I get confuser reading about setting proper values for number of threads and blocks for cuda programming. After reading several guide and many tips i don't get answer that i search. My GPU: Nvidia GT645M Compute capability: 3.0
For what i know:
The maximum number of threads per block is in my case 1024 (32 x 32)
The maximum number of block in grid is in my case 2**31 - 1 = 4294967295 blocks
Multi processor count = 2
The number of block is depending on input data = (input data)/(number of threads per block)

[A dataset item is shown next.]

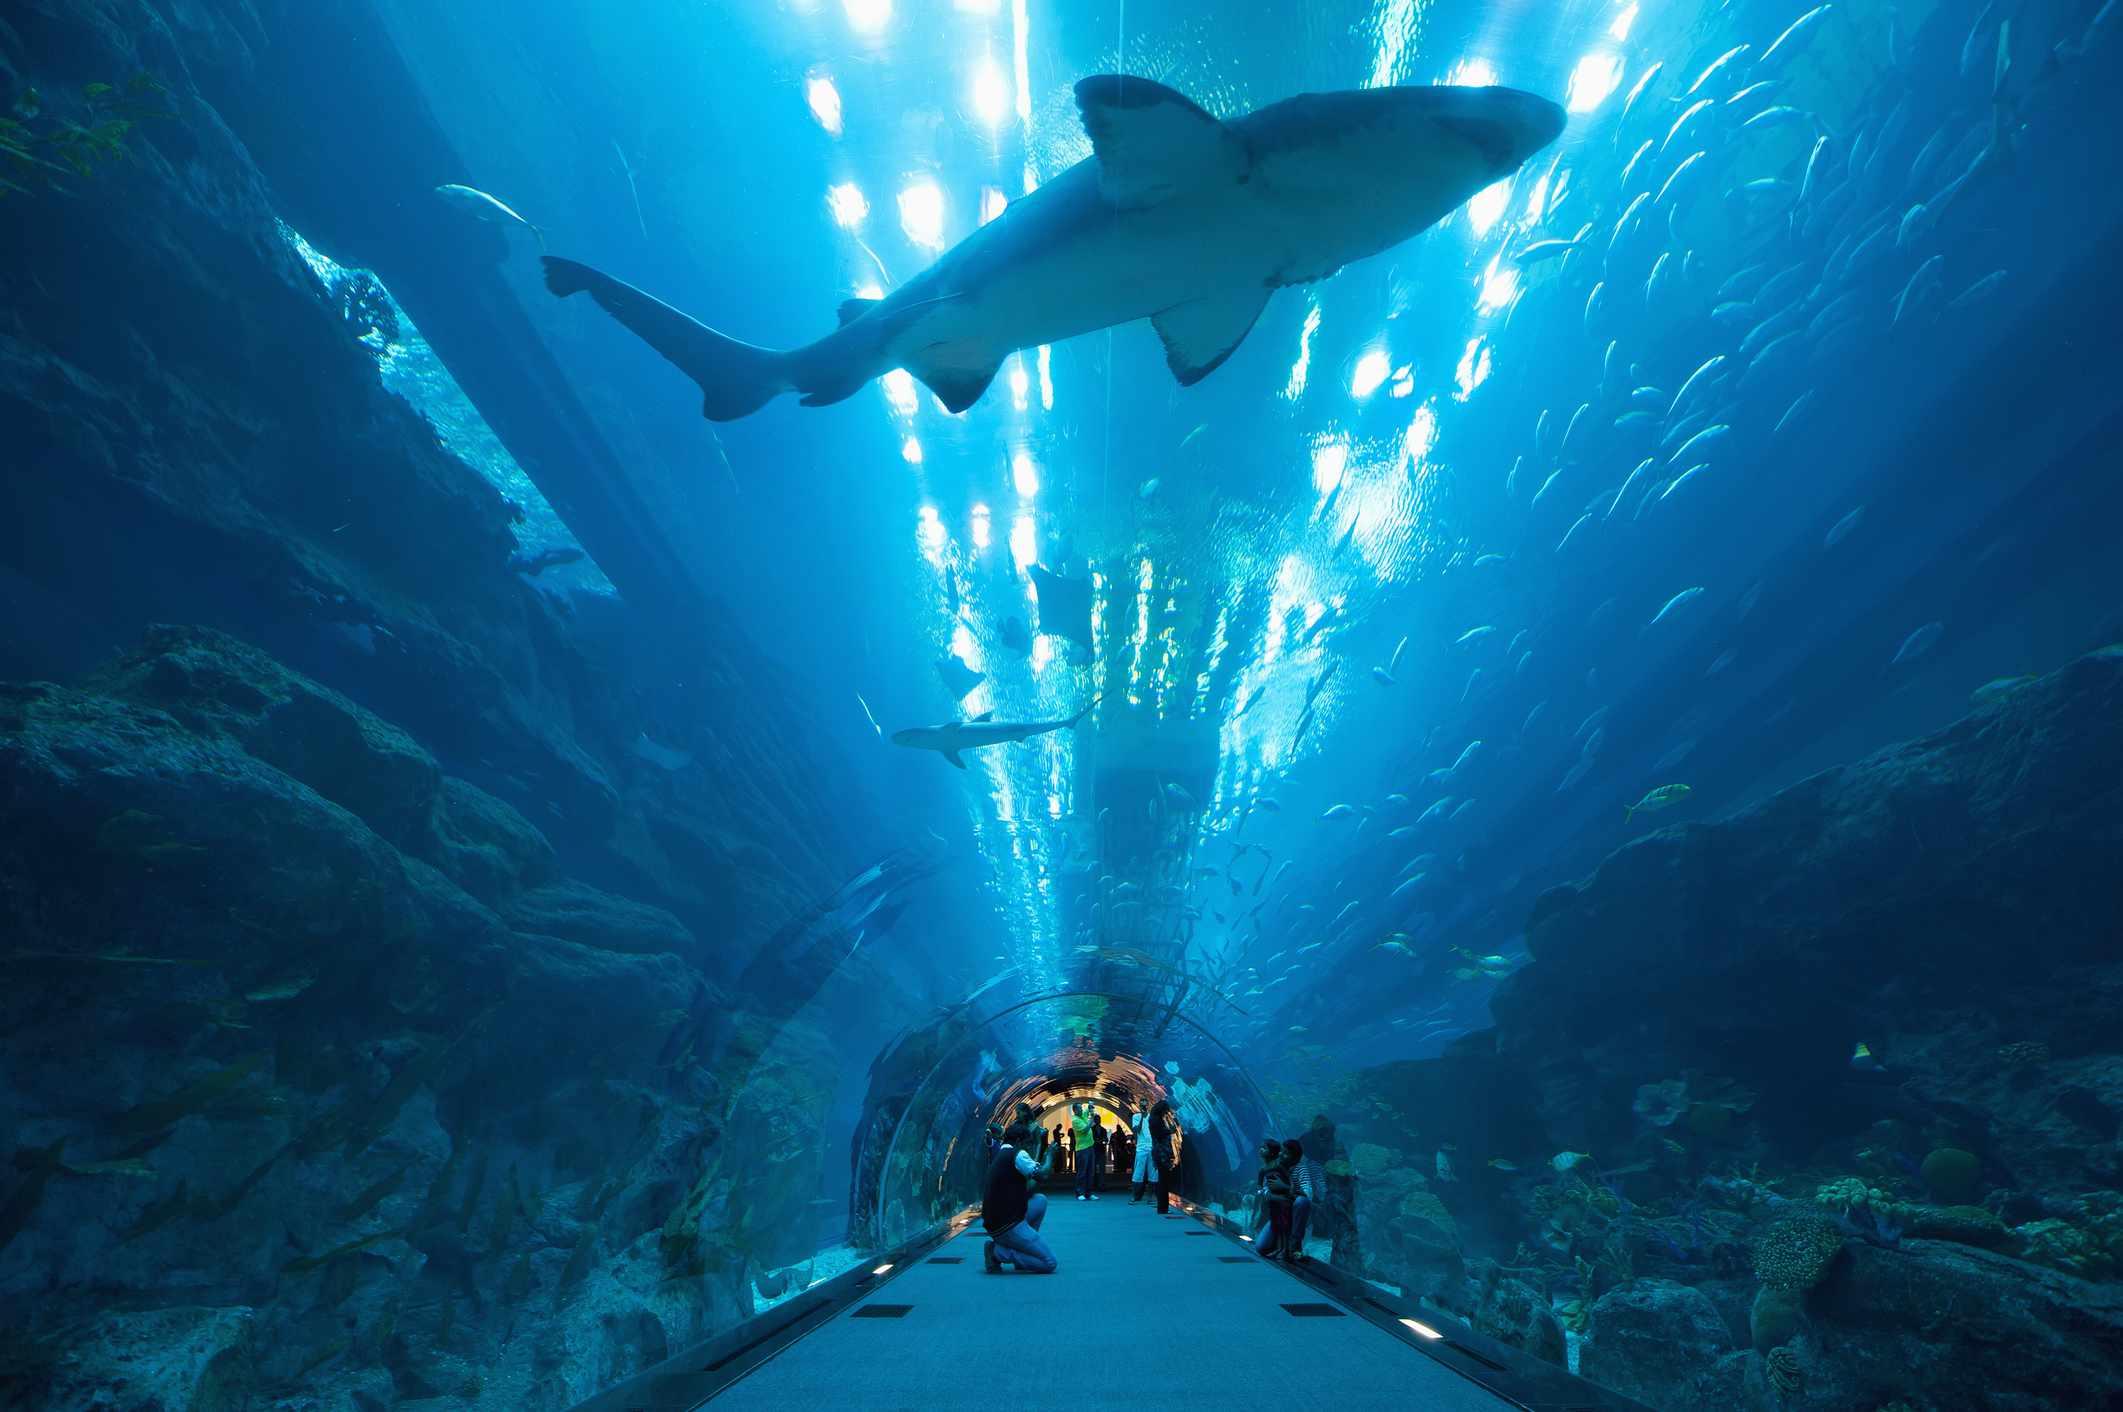 Sharks Swimming Above People In Tunnel, Dubai Mall Aquarium; Dubai, United Arab Emirates

For input data like [1,2,....10] + [1,2,....10] i need 10 threads and 1 block.
My computing problem:
For example i have input data like this:
n = 10
x = np.arange(n).astype(np.float32)
y = x + 1
I try make actions on this vector like: '+', '-', '*' by value
Question 1:
My knowledge:
The GPU cuda calculations working like this:
for each value in numpy array --> cuda block is used with one thread.
I mean
(x = [0,1,....9]) + (y = [1,2,....10]) = x[0] + y[0] in: block(0,0),thread(0,0),
then x[1] + y[1] in: block(0,0),thread(1,0) and so on.
Is that correct?
Question 2:
Let say:
thread count = 5
block count = 1
then all threads in this one block will by running 2 times for x + y?
Question 3:
How many block can running simultaneously in one time?
If you can explain step by step calculation on cuda by simple vector example, that will by nice.
Thanks for all you help, please don't give any links to cuda guide i get confused reading them. Please give simple examples :)